The co-habitation of conflicting forces is the underlying condition that makes tragedy possible. In the case of the pandemic, the forces contributing to the tragedy itself are the conflicting elements of the private and public sectors, two spaces that exist in the same space (the State), competing for possession of that space. The pandemic has revealed the real scope and existential significance of that conflict, which was hardly tangible in the pre-tragic scenario, so dominated by the private sector at the expense of the public. The pandemic has shown us the impotence of the public/private system, by revealing its fatal flaws.

On the surface, it seems that the State is able to manage the opposing forces comfortably. It could be said that the function of Western democracies is solely to bind these opposing forces together and guarantee the co-habitation of the two. Within this role, the State exudes self-confidence, seeing itself as a simple individuality in which public and private dynamics and needs are harmonised, but this perception is diluted and dissolved when the true situation is revealed with the unfolding of the tragedy. So, to see the real impact of the pandemic, we need to look at the essence of that which the State truly represents in order to see beyond the illusion that its public/private mask perpetuates.

For the State to make any democratic sense, it must be regarded as a guarantee of survival for the people that constitute it. At a secondary level, it needs to be dedicated to providing comfort and dignity, both materially and spiritually.
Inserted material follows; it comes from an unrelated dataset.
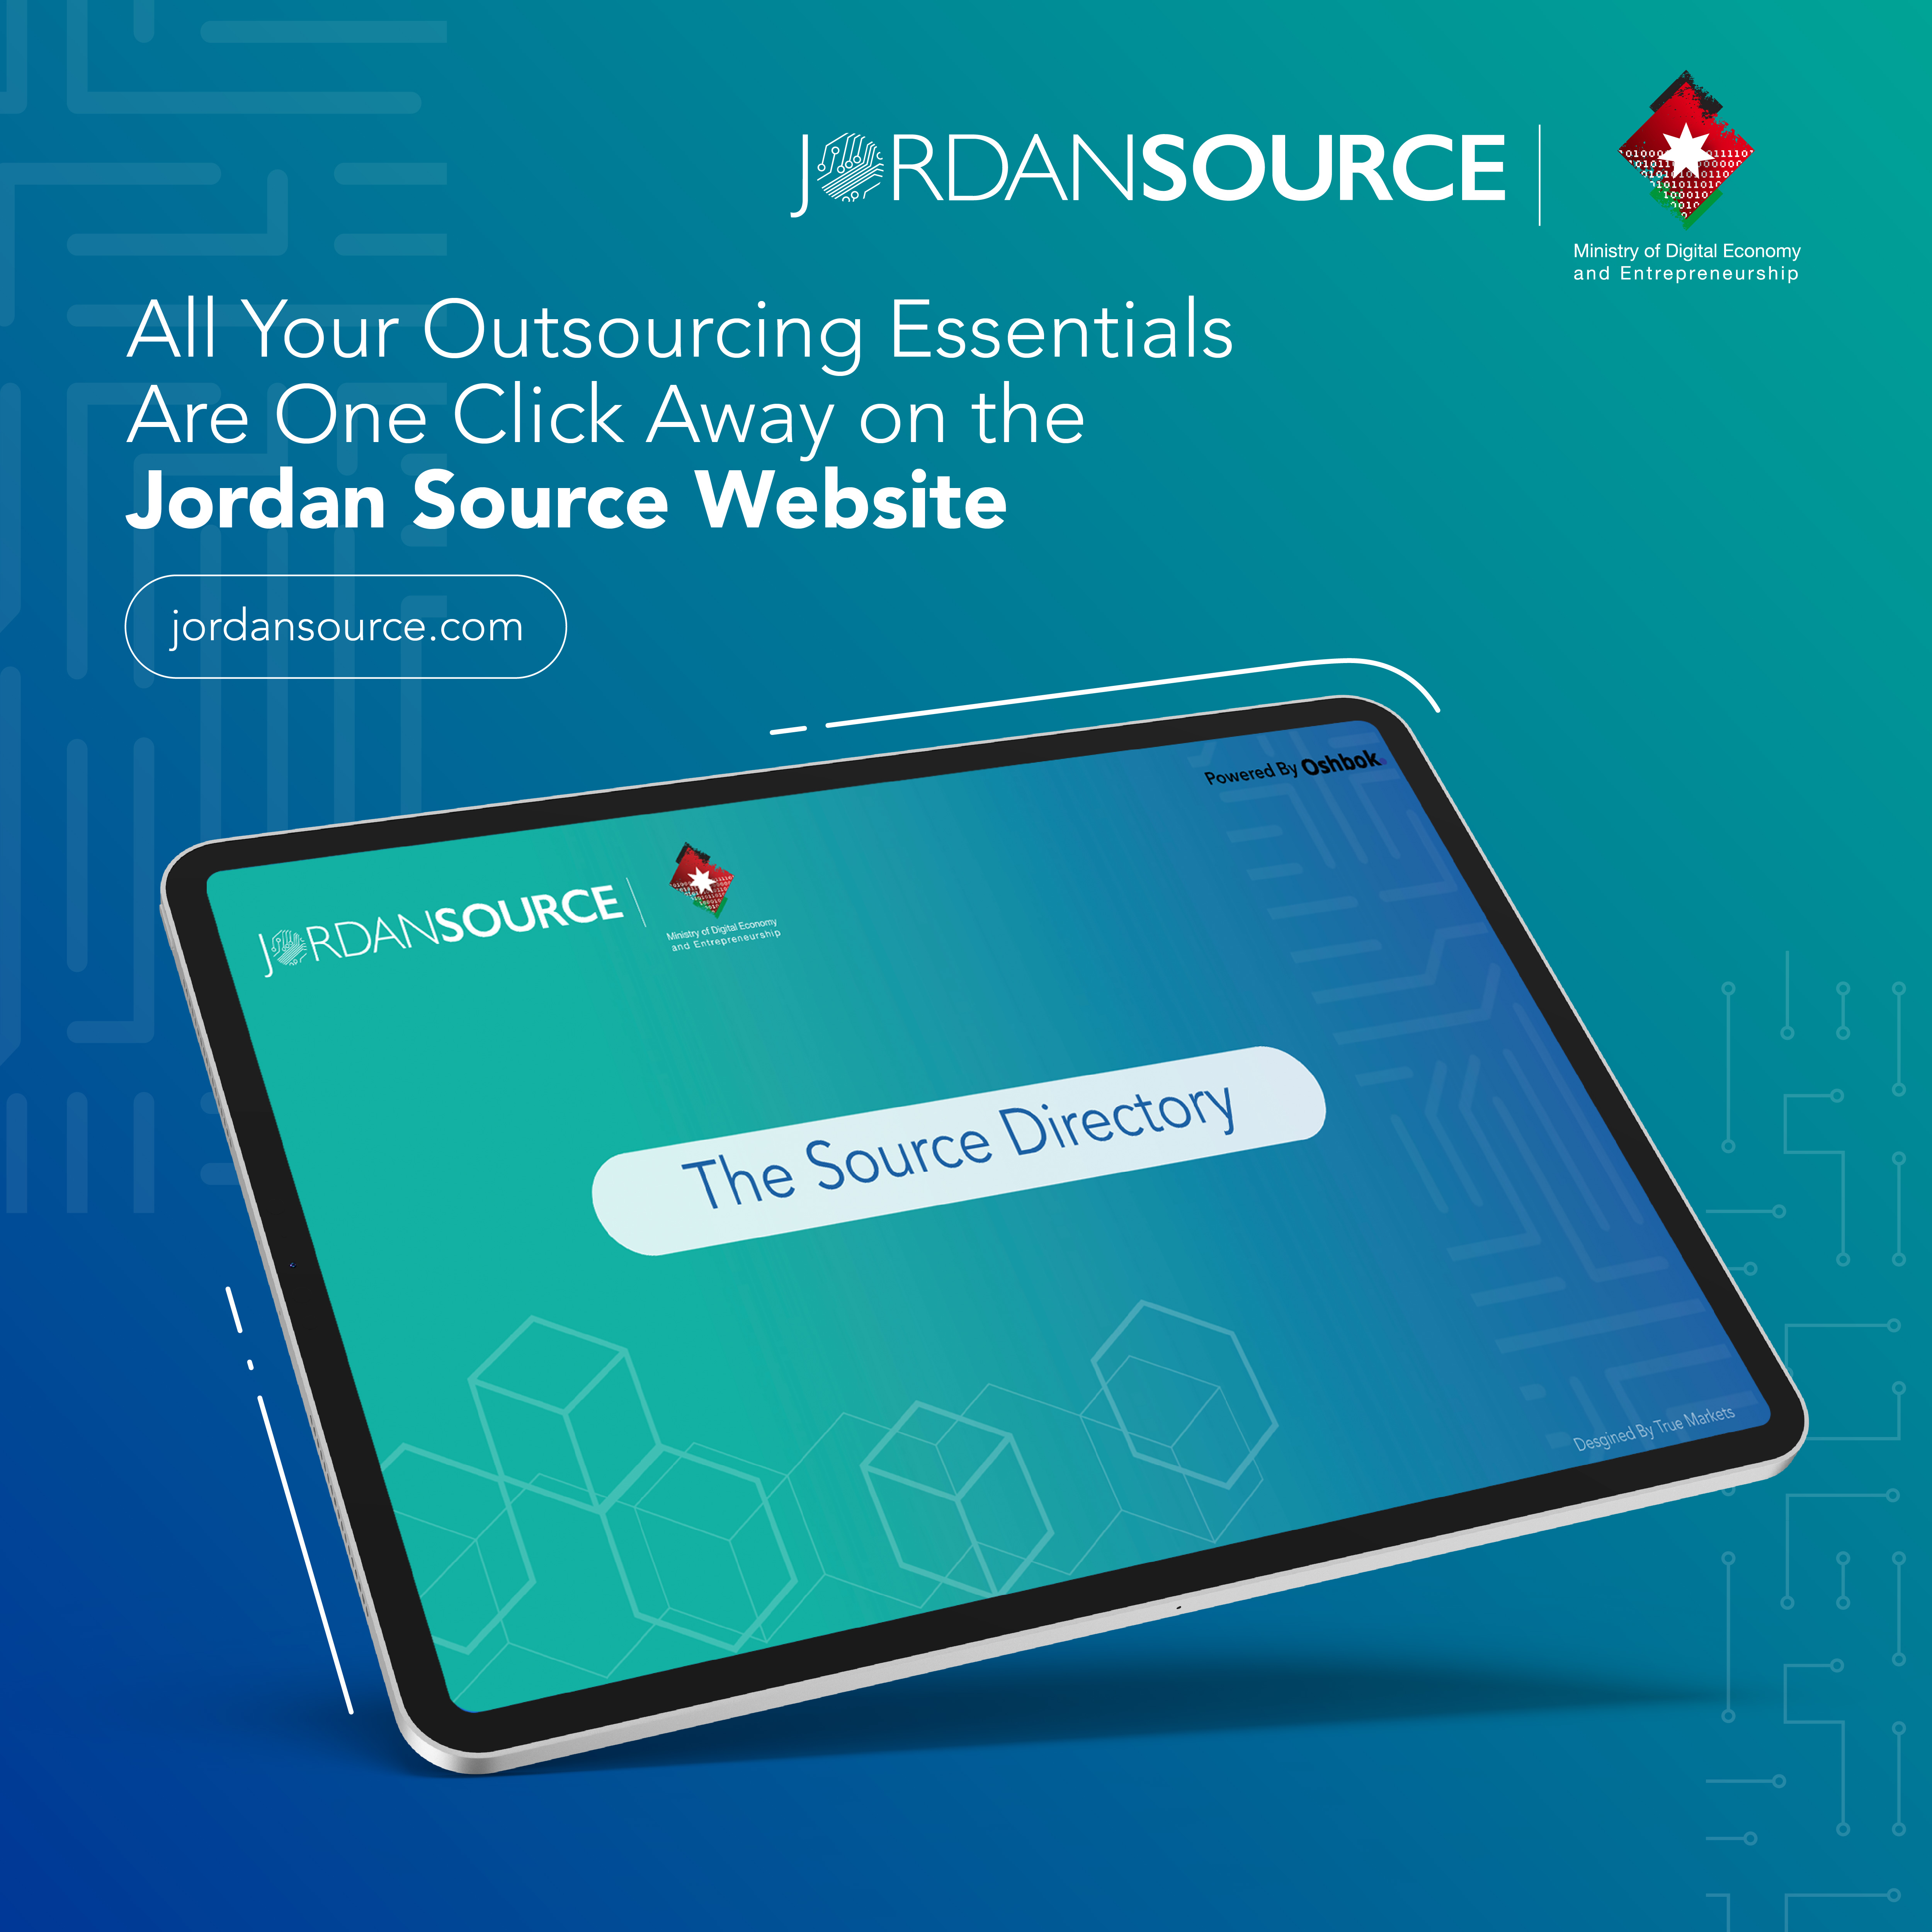 برنامج Jordan Source يطلق رسمياً البوابة الإلكترونية الشاملة لقطاع التعهيد الخارجي والألعاب الإلكترونية 《The Source Directory》

It is the organisation that organises not only the lives of the people, but also their deaths, and this organisation is expected to be primarily quantitative. The democratic success of the State depends on the quality of life enjoyed by its citizens, as well as the protection against that life ending prematurely, and the guarantee for everyone to be allowed to die in a dignified way.

This latter point is often overlooked, and that is part of the reason why the pandemic tragedy is so bewildering. In the pandemic, the need to regulate death in the society suddenly jumps to the fore. Remember, the primary aim of the State is its guarantee of ensuring the survival of its citizens, and the pandemic reveals this essential objective very clearly. Like the Greek tragedy Antigone, the pandemic tragedy is set around corpses. It is about the real problem of death in society, which is, above all, a question of dignity.

In the 2020 pandemic, what we have seen is a humiliation of human arrogance and the principle product of that arrogance is the capitalist economy. It has also revealed the dangers of perpetuating a system which is anti-natural, in our contemporary sense of working in a rapacious manner that constantly violates and destroys the ecosystem that is ultimately our only true source of sustenance.

To be natural, politics must be a conjunction of human will and nature in which the human will is harmonious with the restrictions of natural law. To ensure this, the human will must submit to ecology, and the only political force fit enough and potent enough to organise and carry out that submission, is the public sector.